◆ **TASK**: All lines from the beginning of the listing through the line with "Dashboard2 0 Userguide" are to be copied word for word; the pictures are not.

◆ **COLLECTED MATERIAL**:
* * * * *

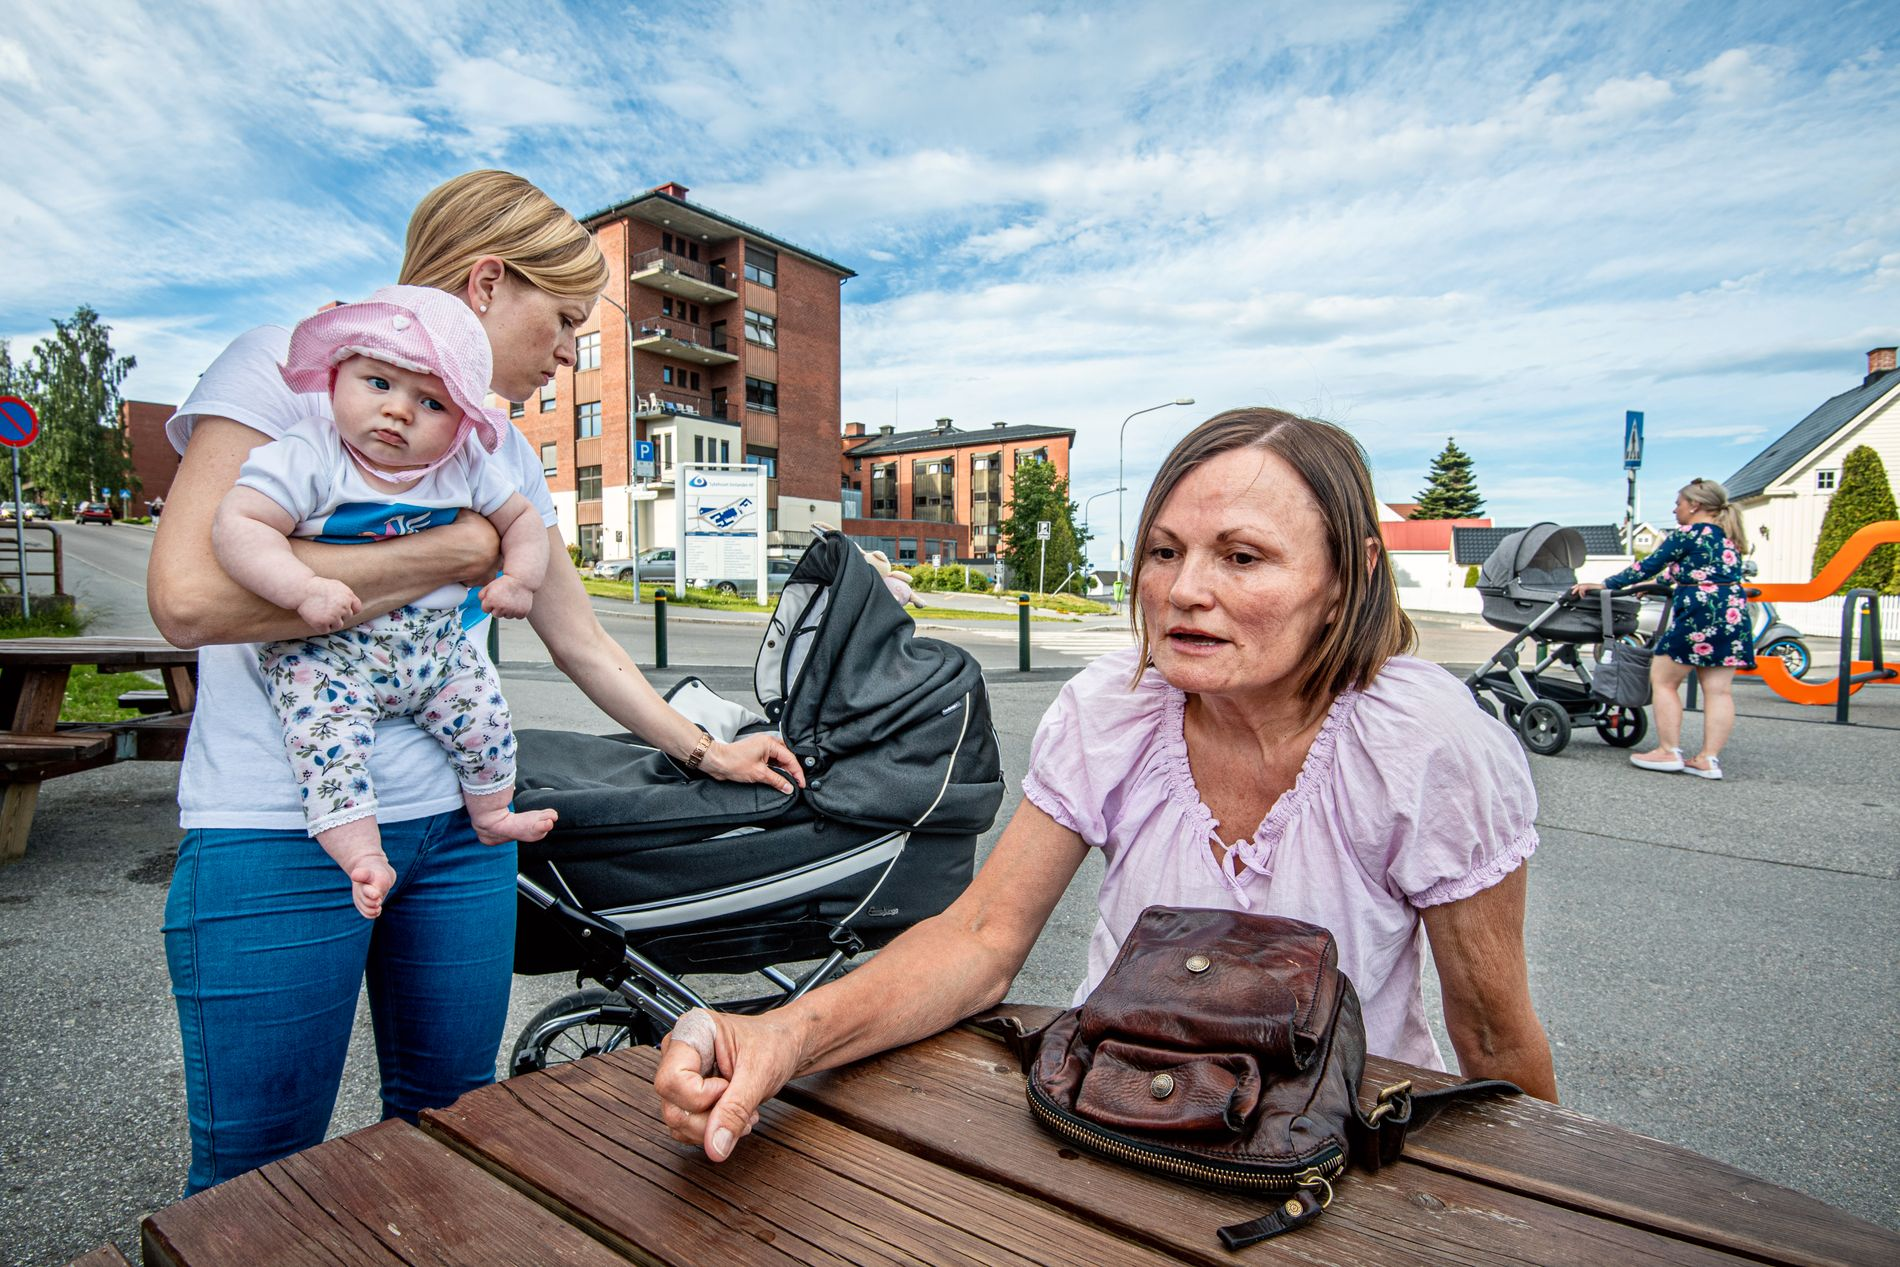 ENGASJERTE: Marianne Sundlisæter Skinner har solidaritet med andre fødende og de ansatte på fødeavdelingen. Her med datteren Evie (4 måneder) på armen og jordmor Karen Marie Jacobsen.
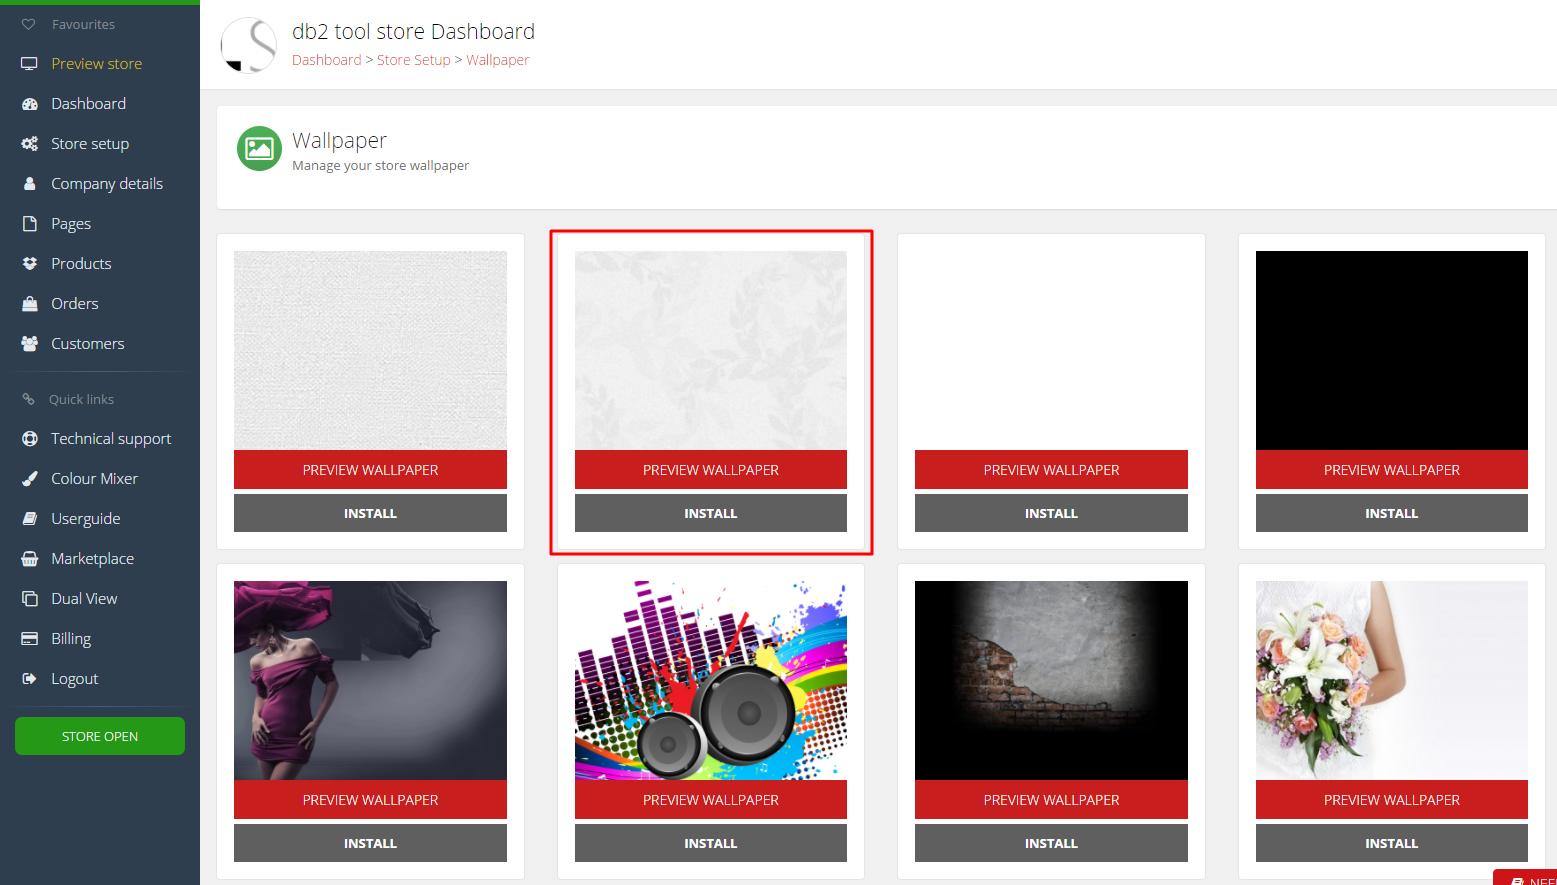 Dashboard2 0 Userguide > #11 > Install a new wallpaper
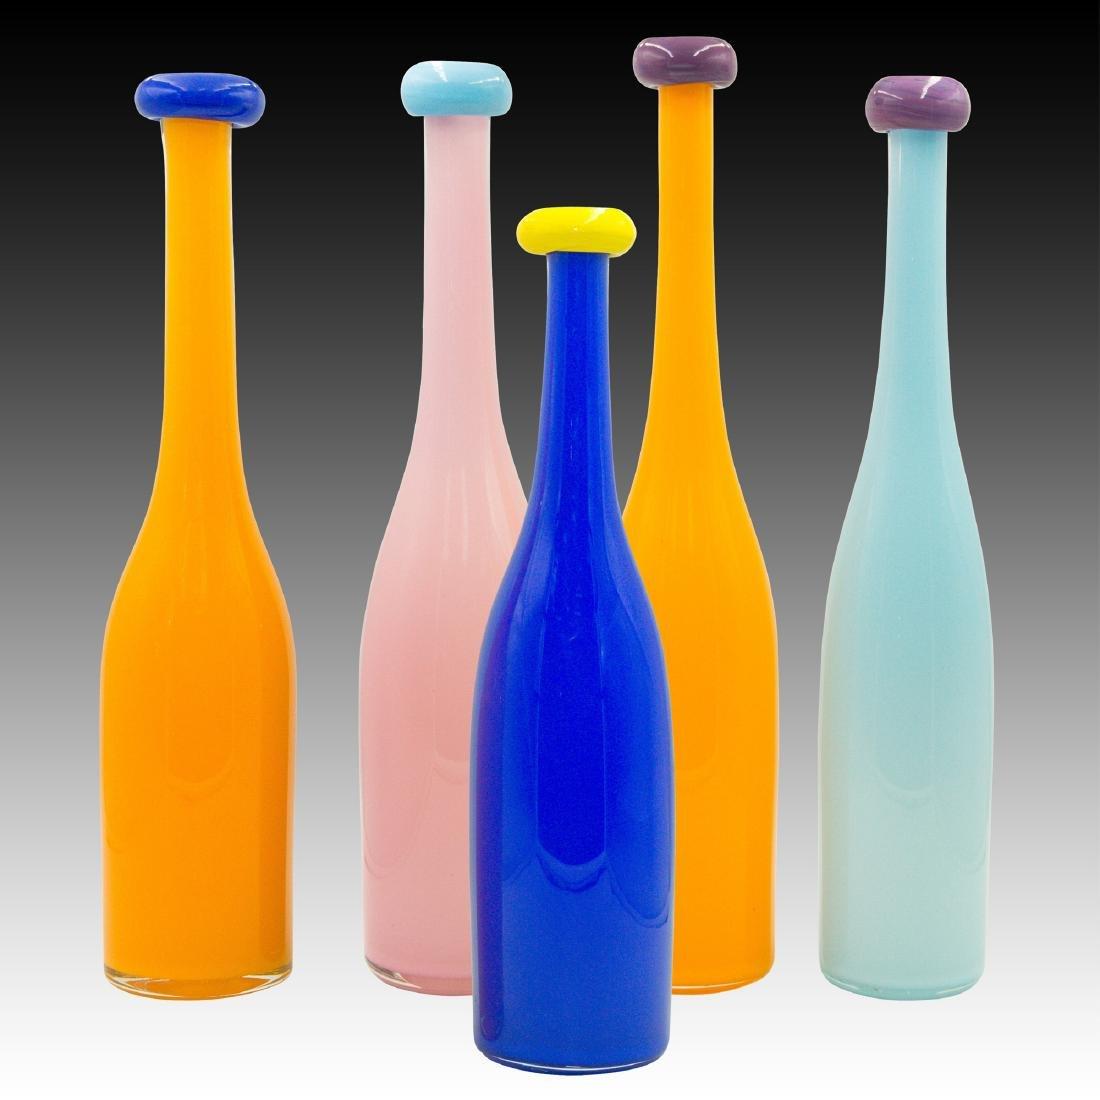 Set of 5 Chuck Vannatta Modern Art Glass Vases
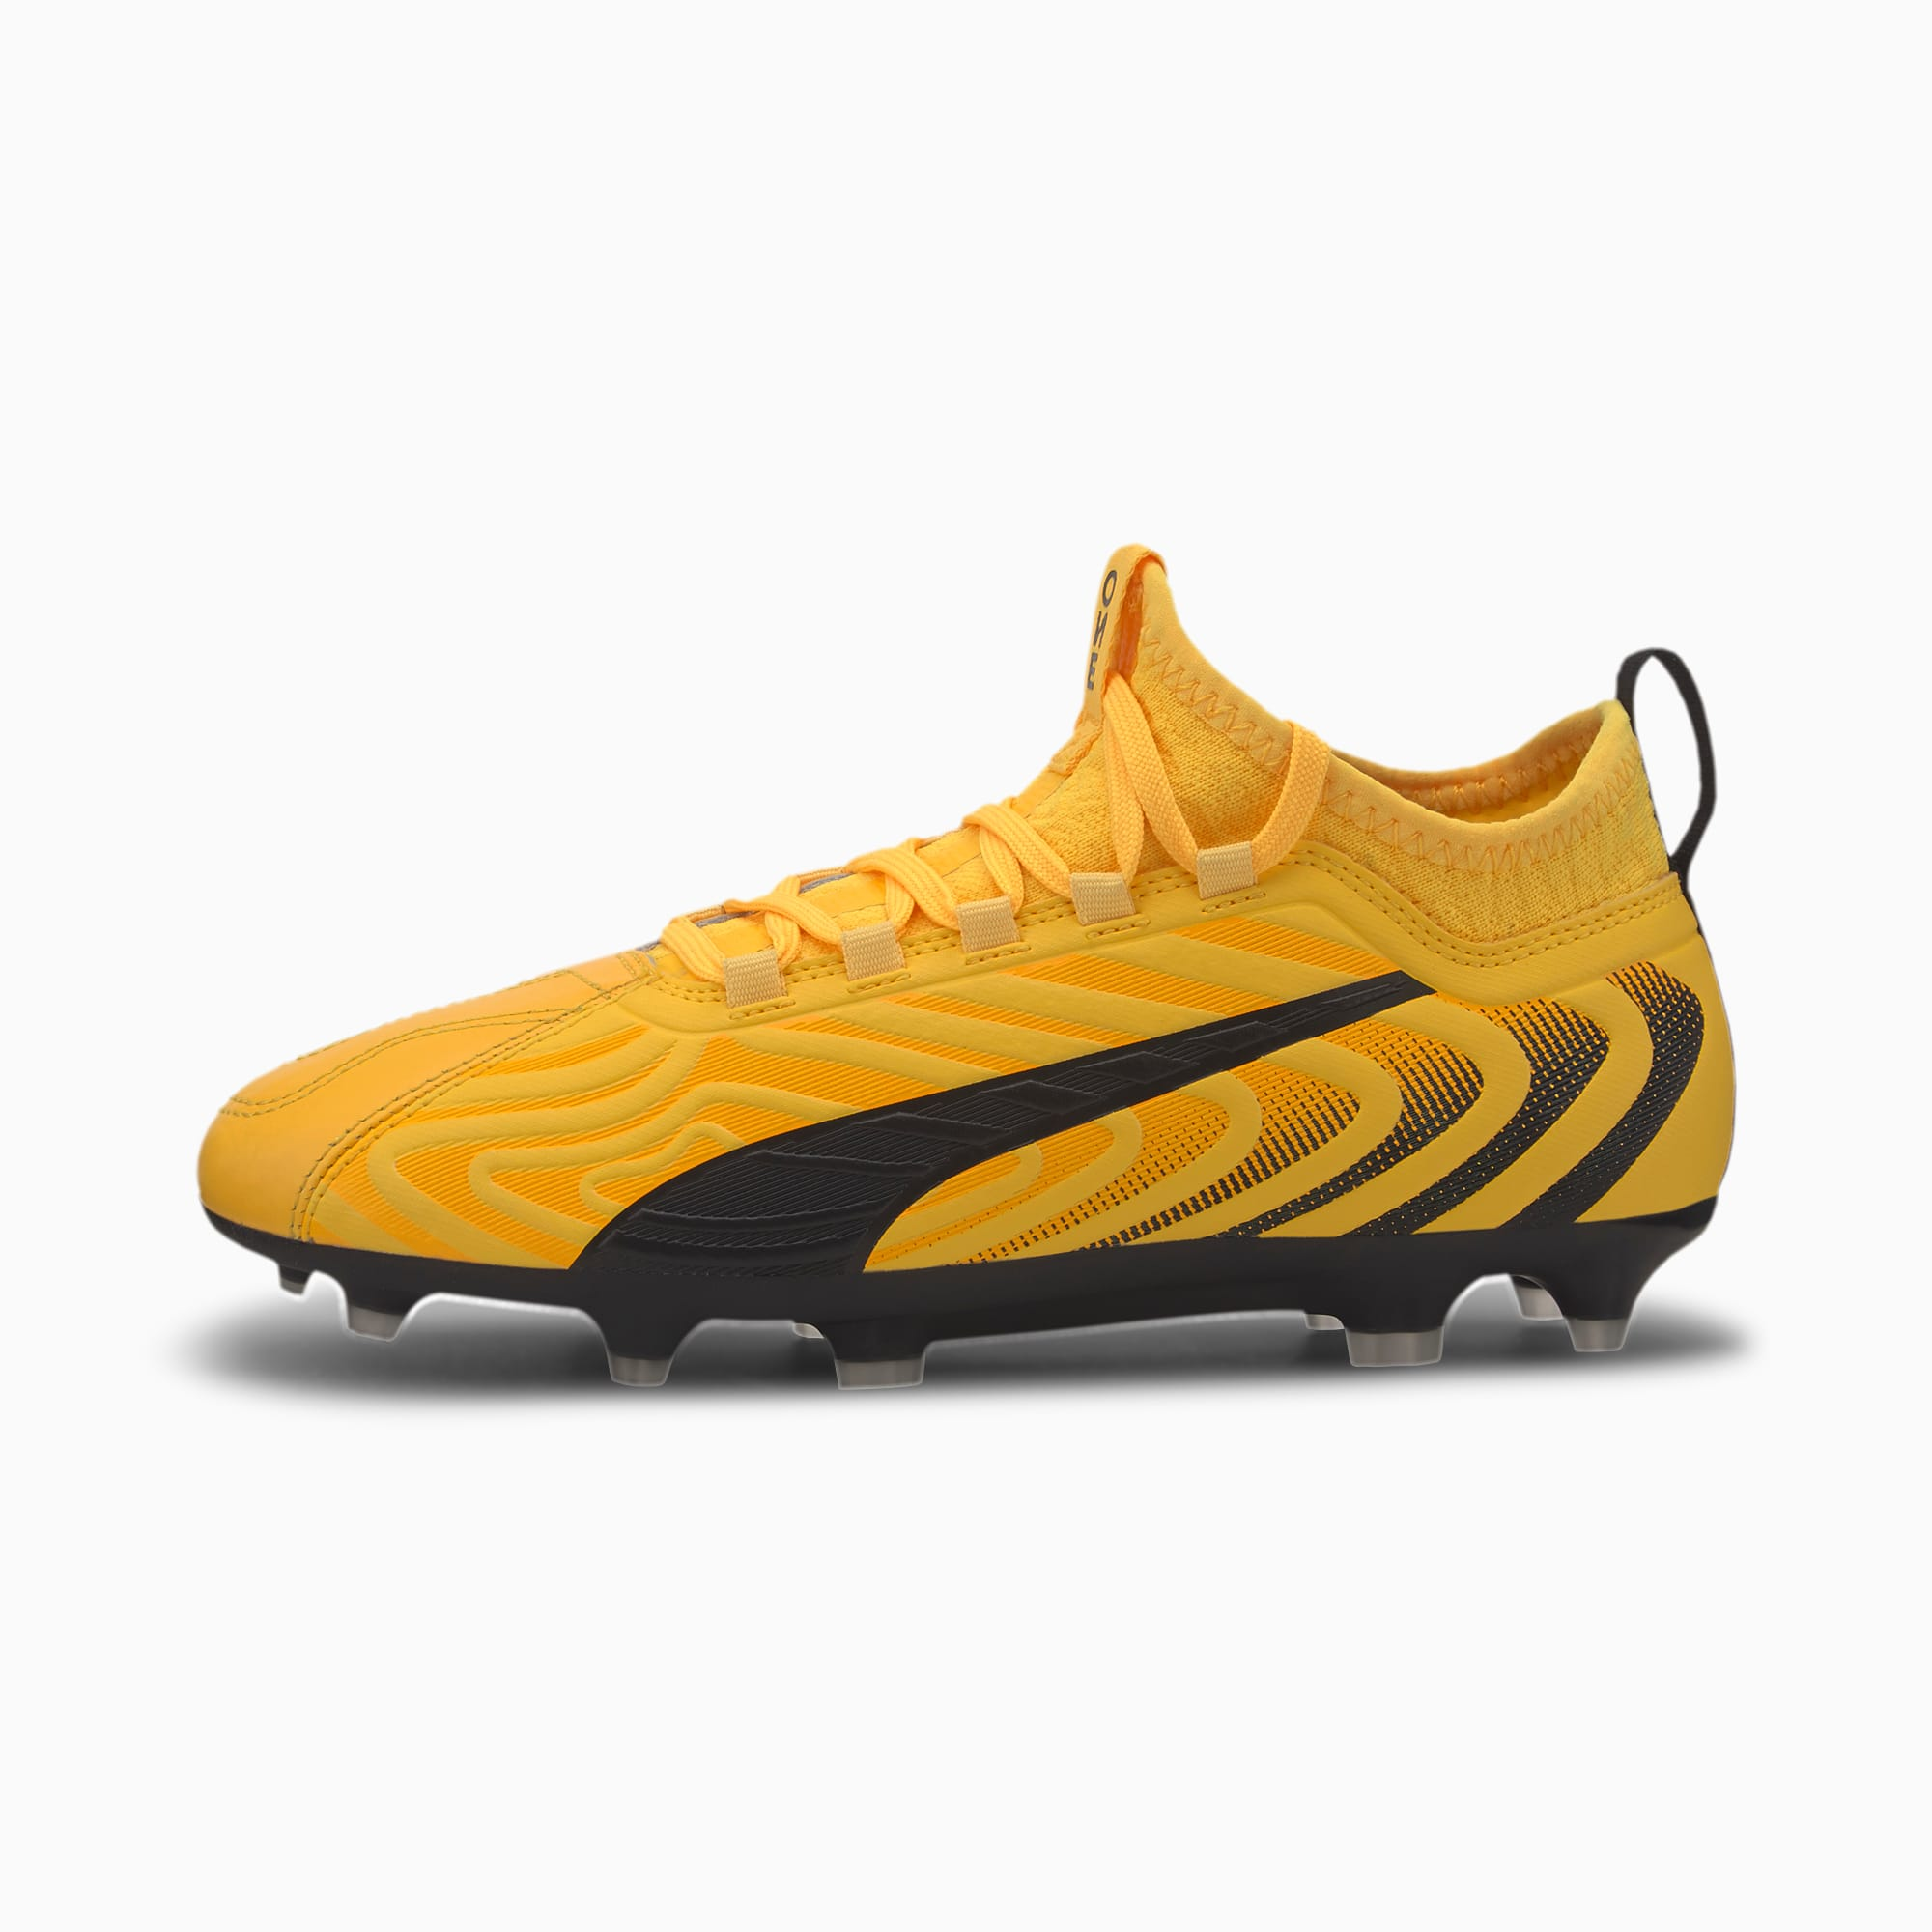 chaussures de foot puma one

* * * * *

◆ **COMPLETED EXERCISE**:
 ENGASJERTE: Marianne Sundlisæter Skinner har solidaritet med andre fødende og de ansatte på fødeavdelingen. Her med datteren Evie (4 måneder) på armen og jordmor Karen Marie Jacobsen.
 Dashboard2 0 Userguide > #11 > Install a new wallpaper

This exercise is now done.